An early-warning system would allow the relevant actors to access evaluation results and other details of dual-use capability reports to strengthen responses to novel AI-powered threats. Various actors could take concrete actions to respond to risks posed by dual-use AI capabilities, but they need lead time to coordinate and develop countermeasures. For example, model developers could mitigate immediate risks by restricting access to models. Governments could work with private-sector actors to use new capabilities defensively or employ enhanced, targeted export controls to deny foreign adversaries from accessing strategically relevant capabilities.

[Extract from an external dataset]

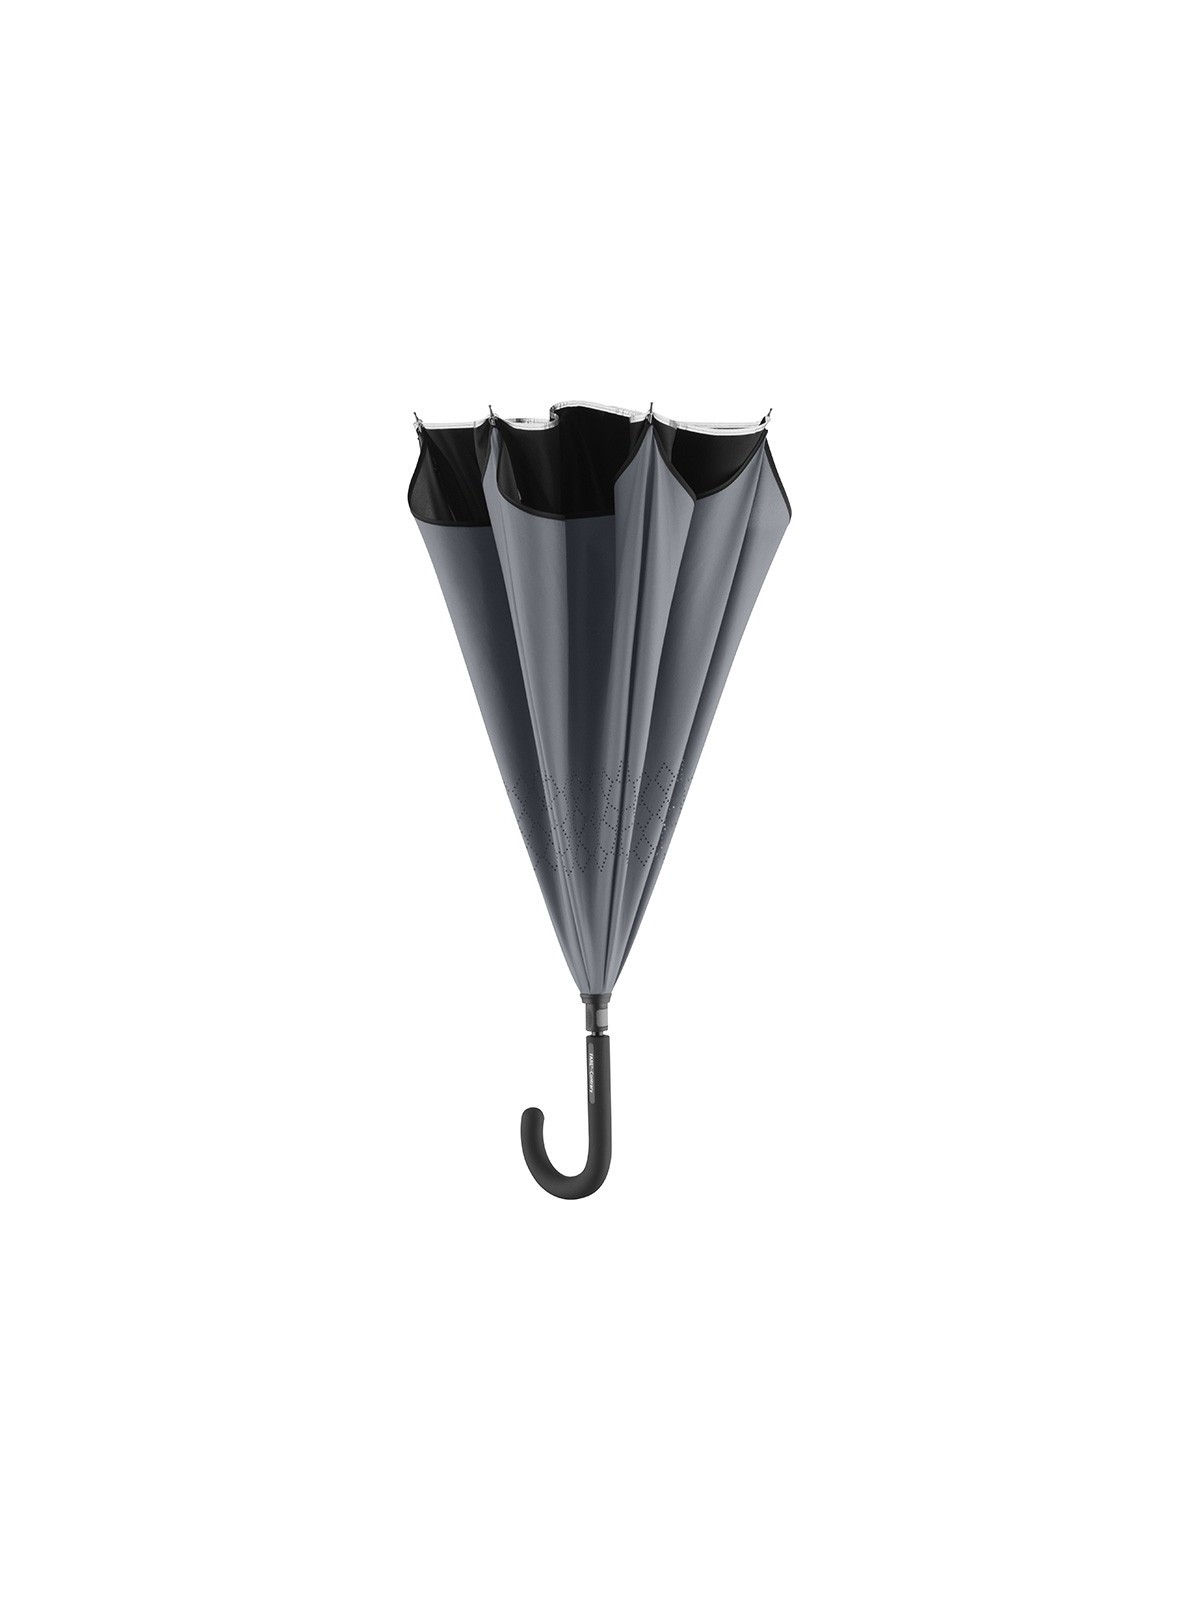 75-029 Parapluie publicitaire bi-colore inversé personnalisé

A warning system should ensure secure information flow between three types of actors:
- Finders: the parties that can initially identify dual-use capabilities in models. These include AI company staff, government evaluators such as the U.S. AI Safety Institute (USAISI), contracted evaluators and red-teamers, and independent security researchers.
- Coordinators: the parties that provide the infrastructure for collecting, triaging, and directing dual AI capability reports.
- Defenders: the parties that could take concrete actions to mitigate threats from dual-use capabilities or leverage them for defensive purposes, such as advanced AI companies and various government agencies.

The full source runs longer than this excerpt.